**Exercise brief**
Output the whole listing exactly, with no pictures.

**Data block**
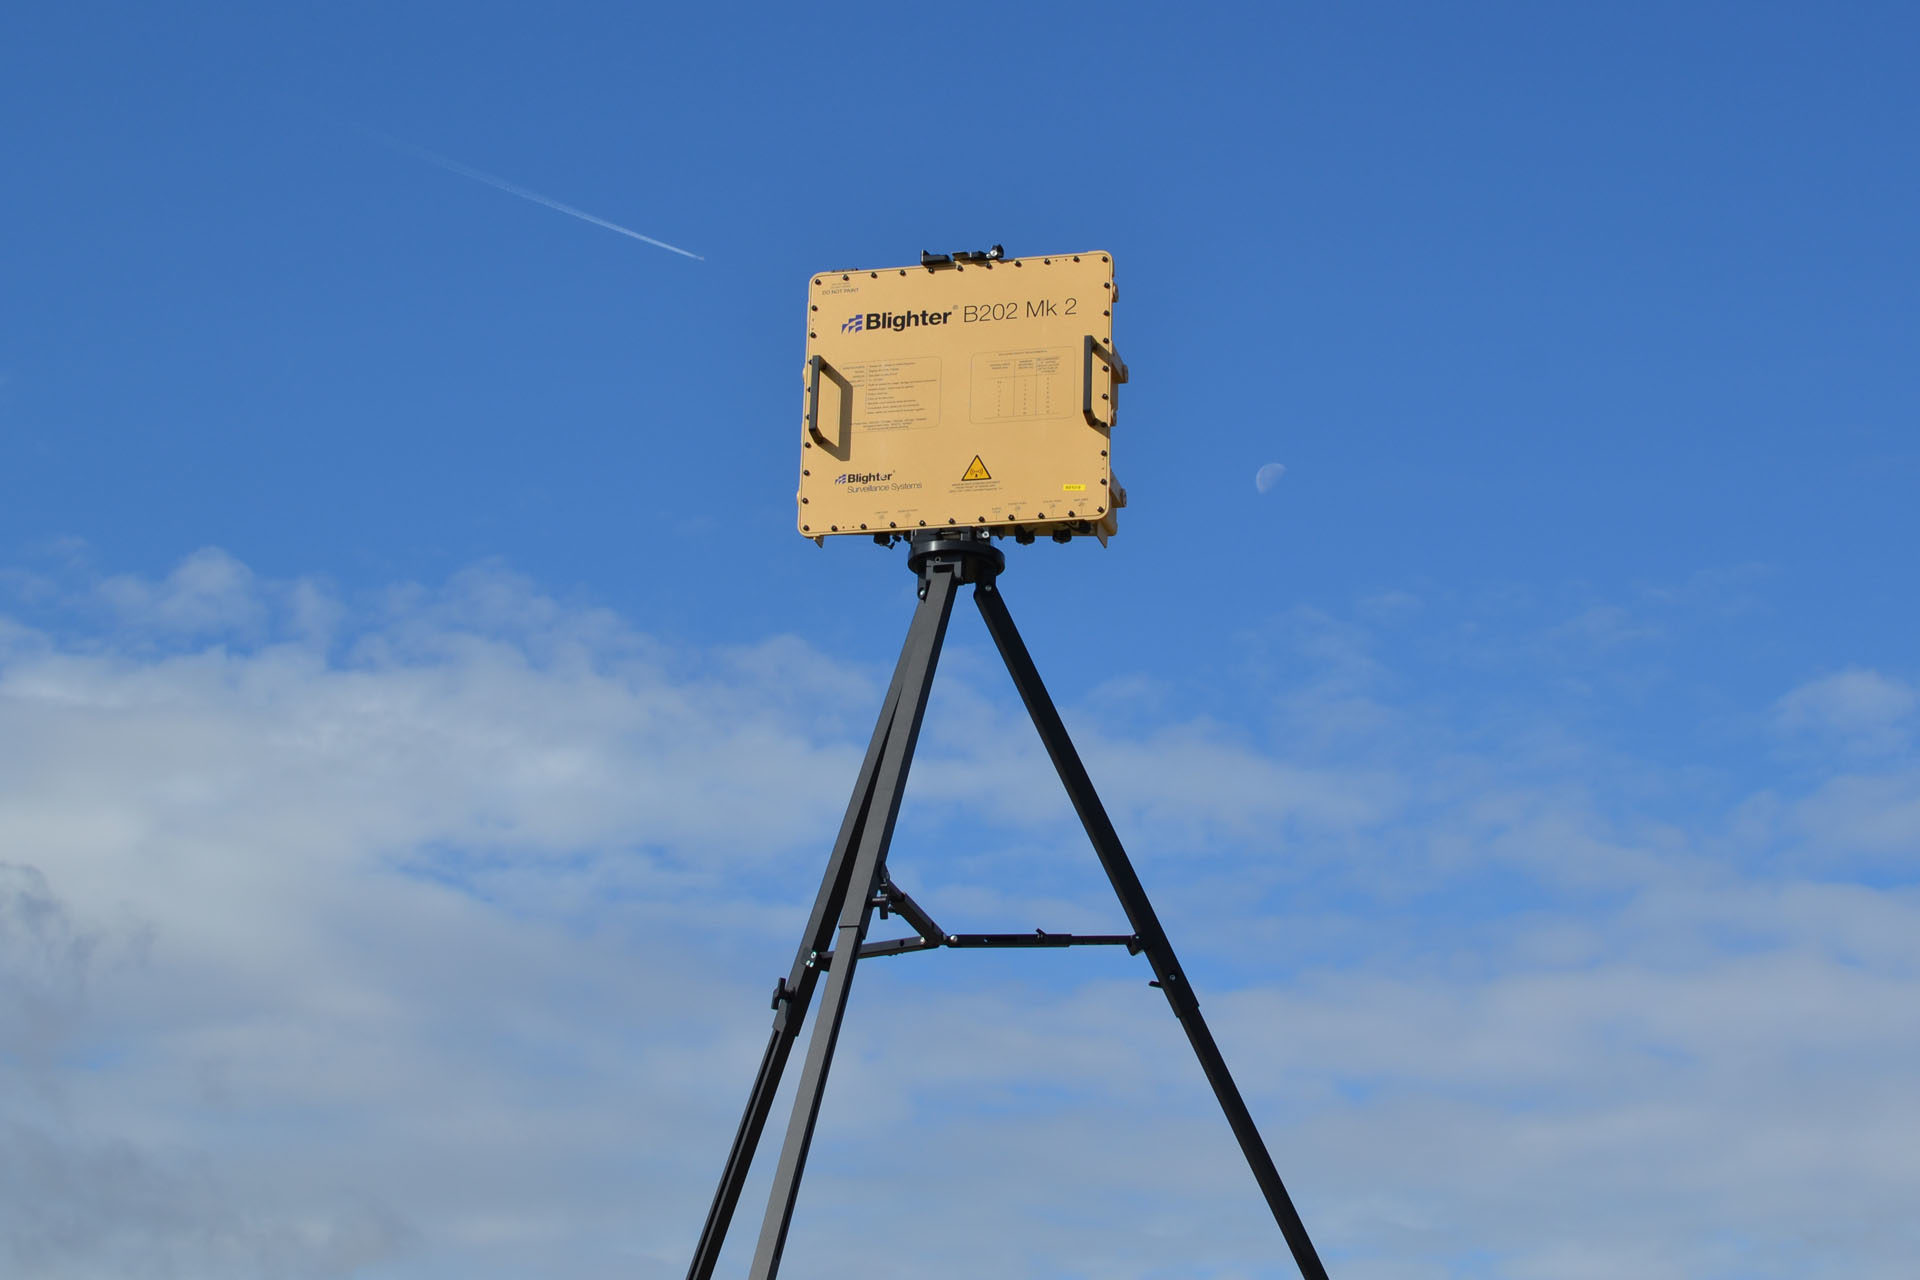 Blighter B202 Mk 2 Man Portable Ground Surveillance Radar on Tripod (Light Stone) (Rear View)
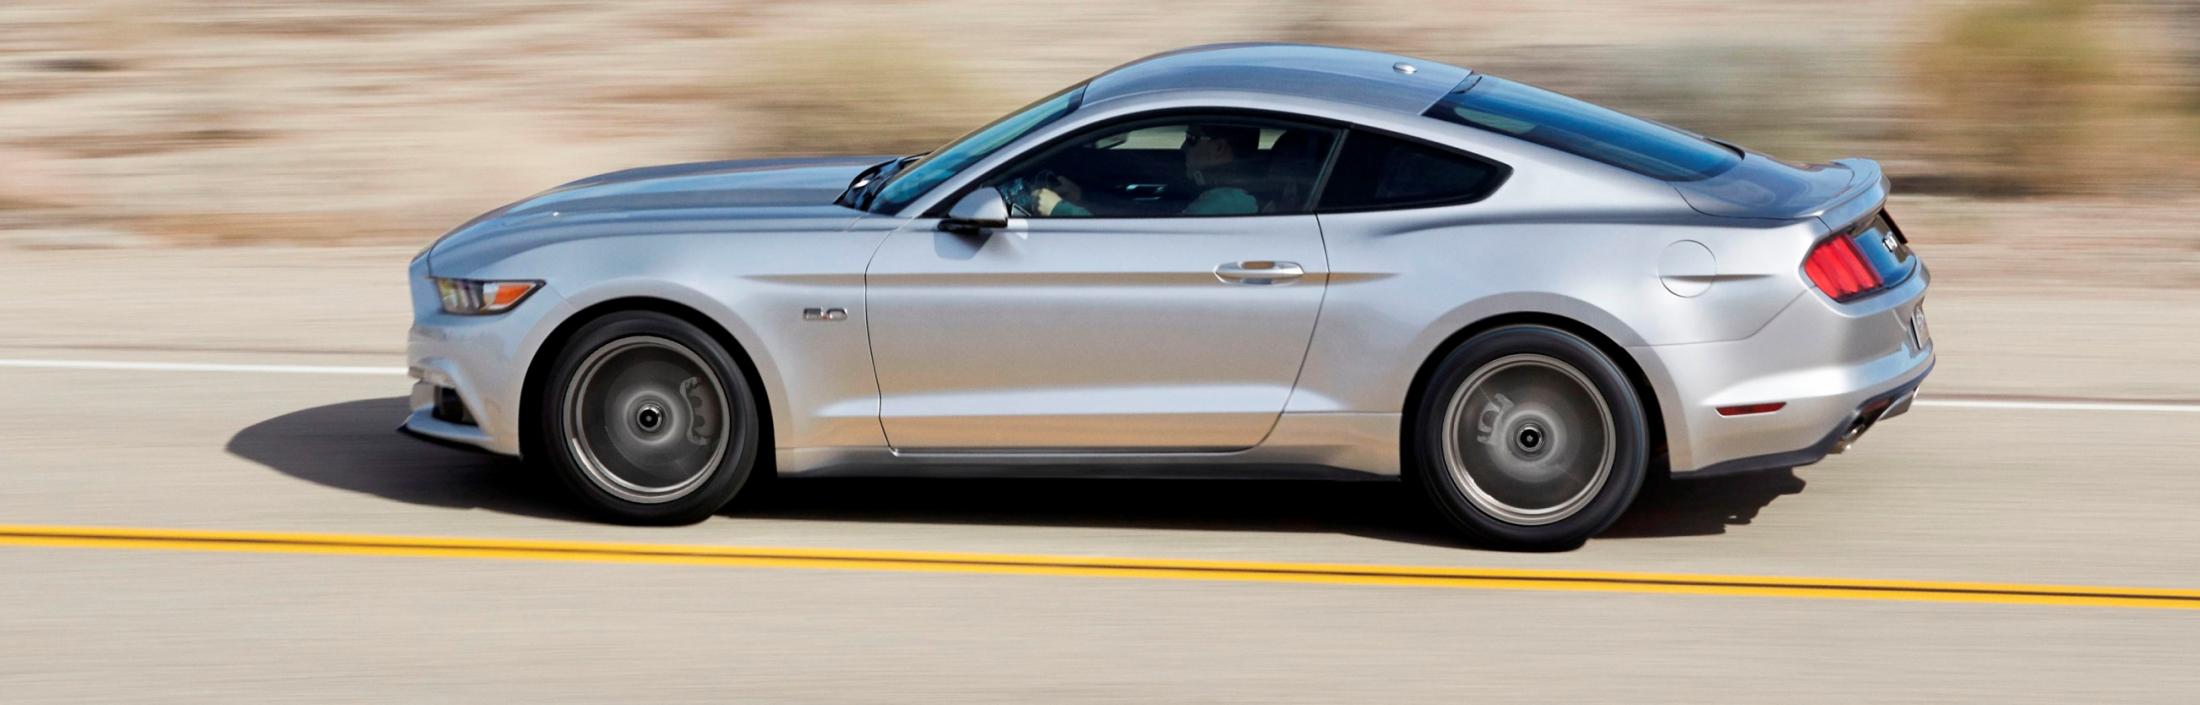 2015-Ford-Mustang-GT-in-Silver-19.jpg
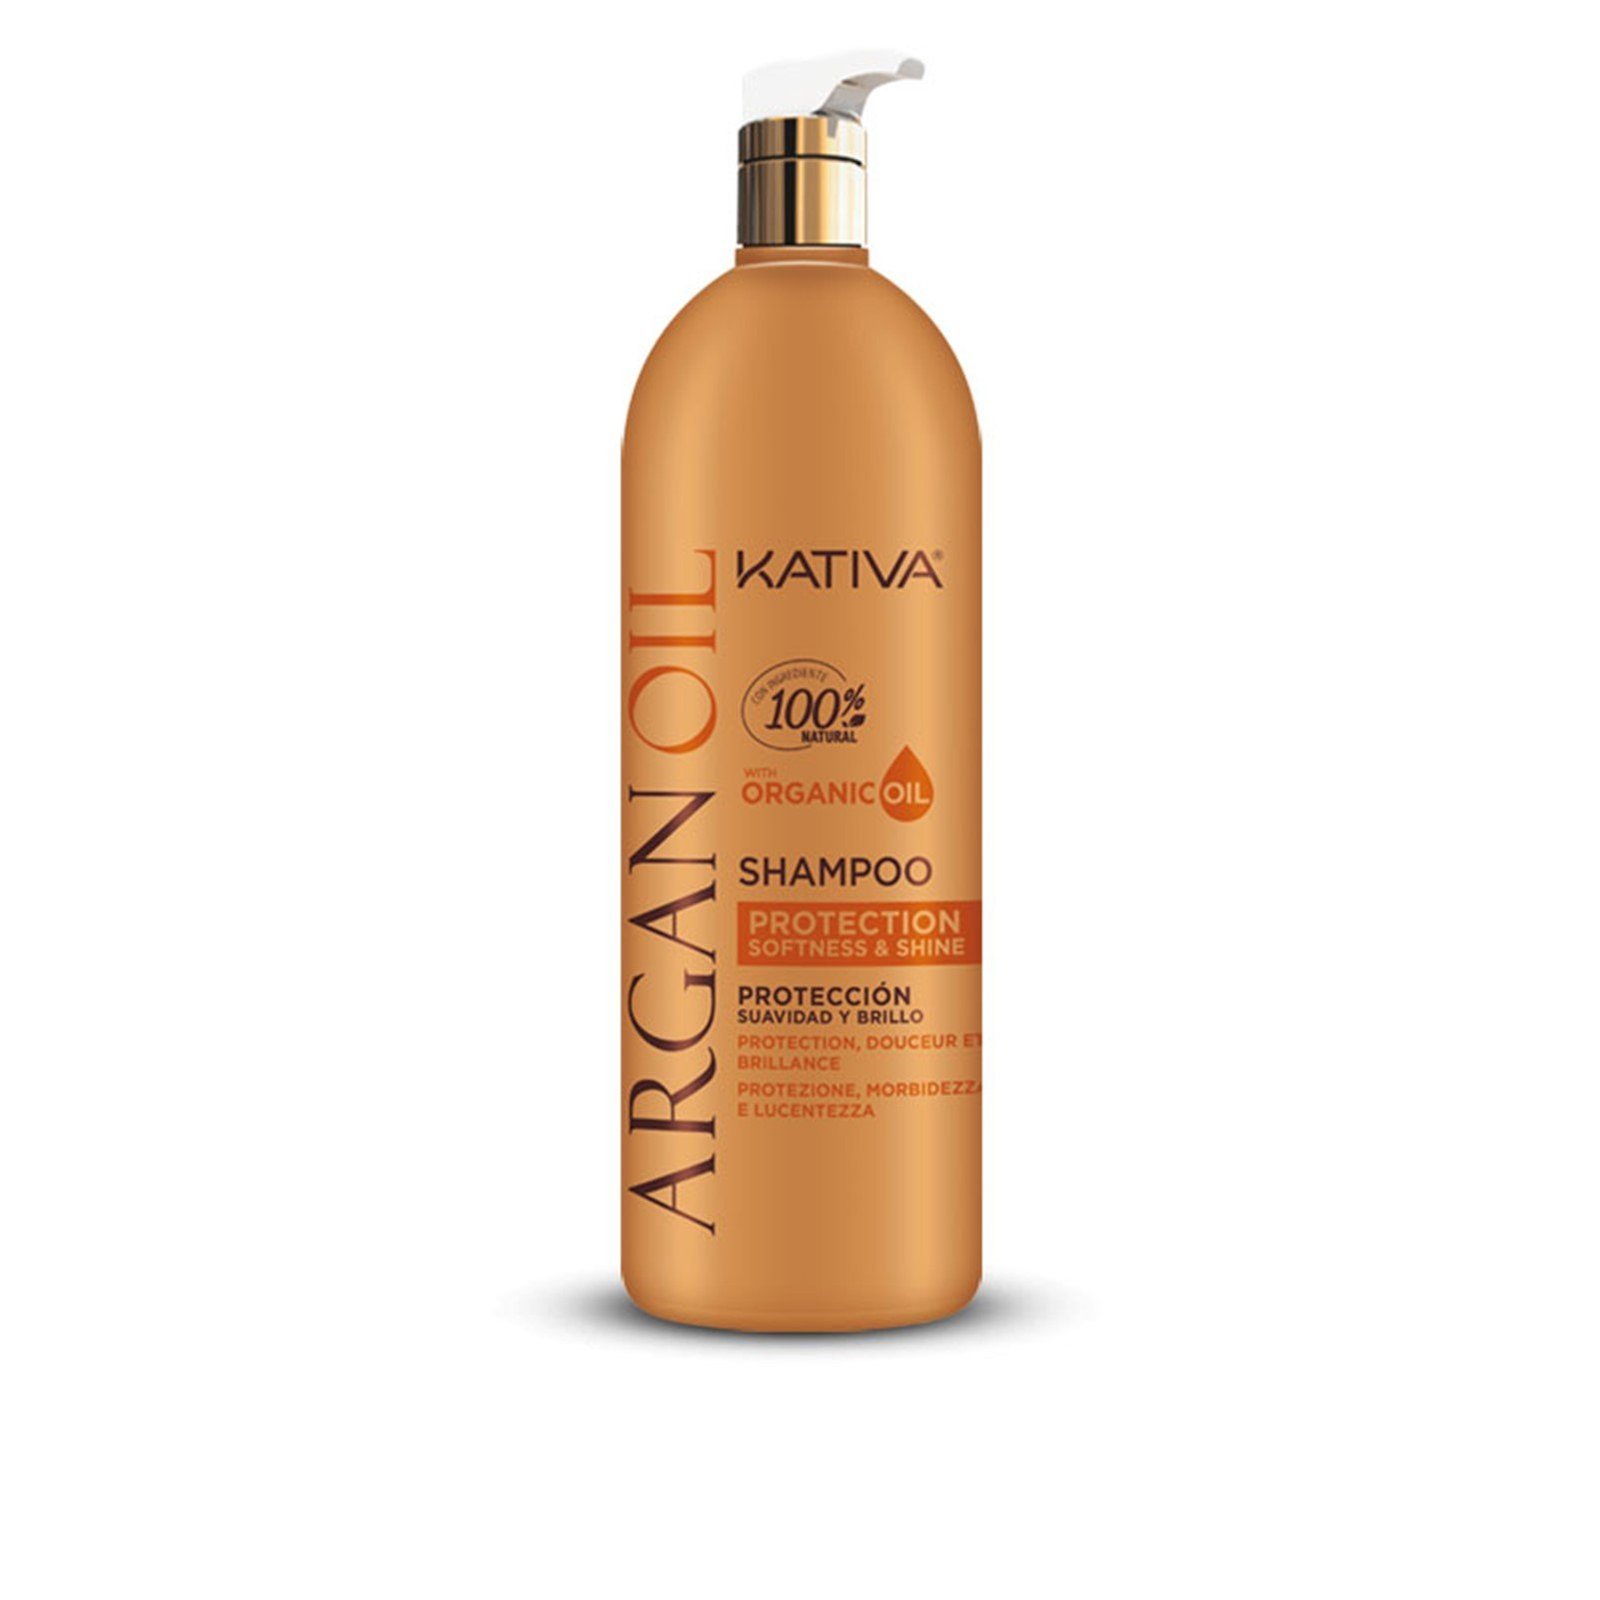 Kativa Argan Oil Protection Softness & Shine Shampoo 1L
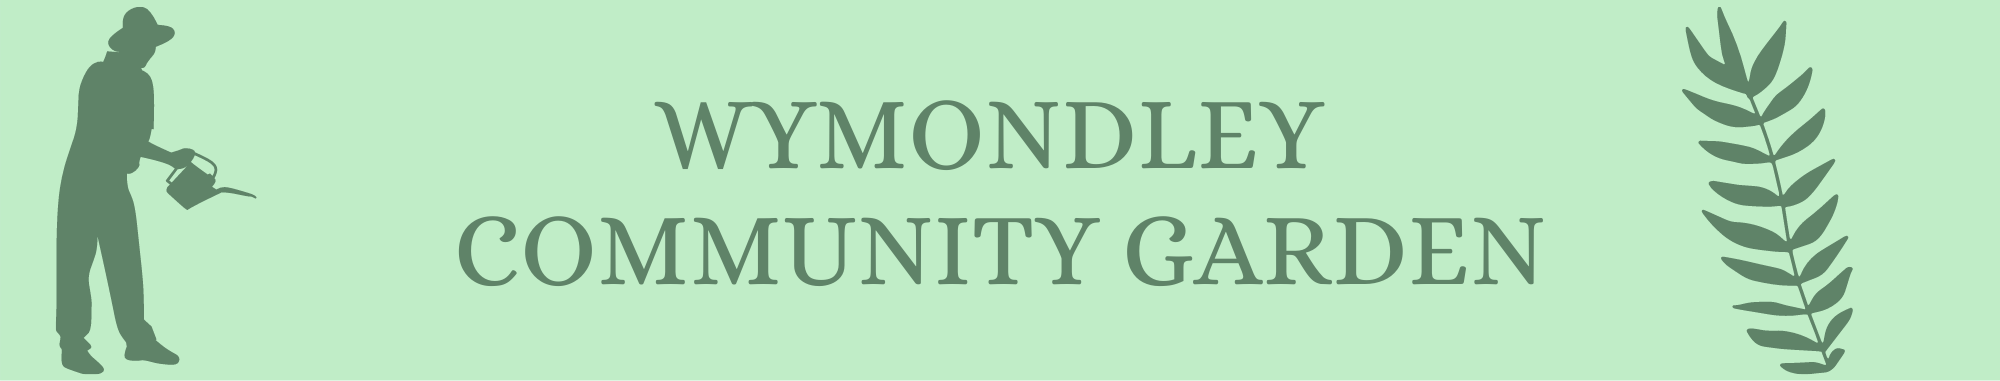 Wymondley Community Garden

**Response to the exercise**
 Blighter B202 Mk 2 Man Portable Ground Surveillance Radar on Tripod (Light Stone) (Rear View)
 2015-Ford-Mustang-GT-in-Silver-19.jpg
 Kativa Argan Oil Protection Softness & Shine Shampoo 1L
 Wymondley Community Garden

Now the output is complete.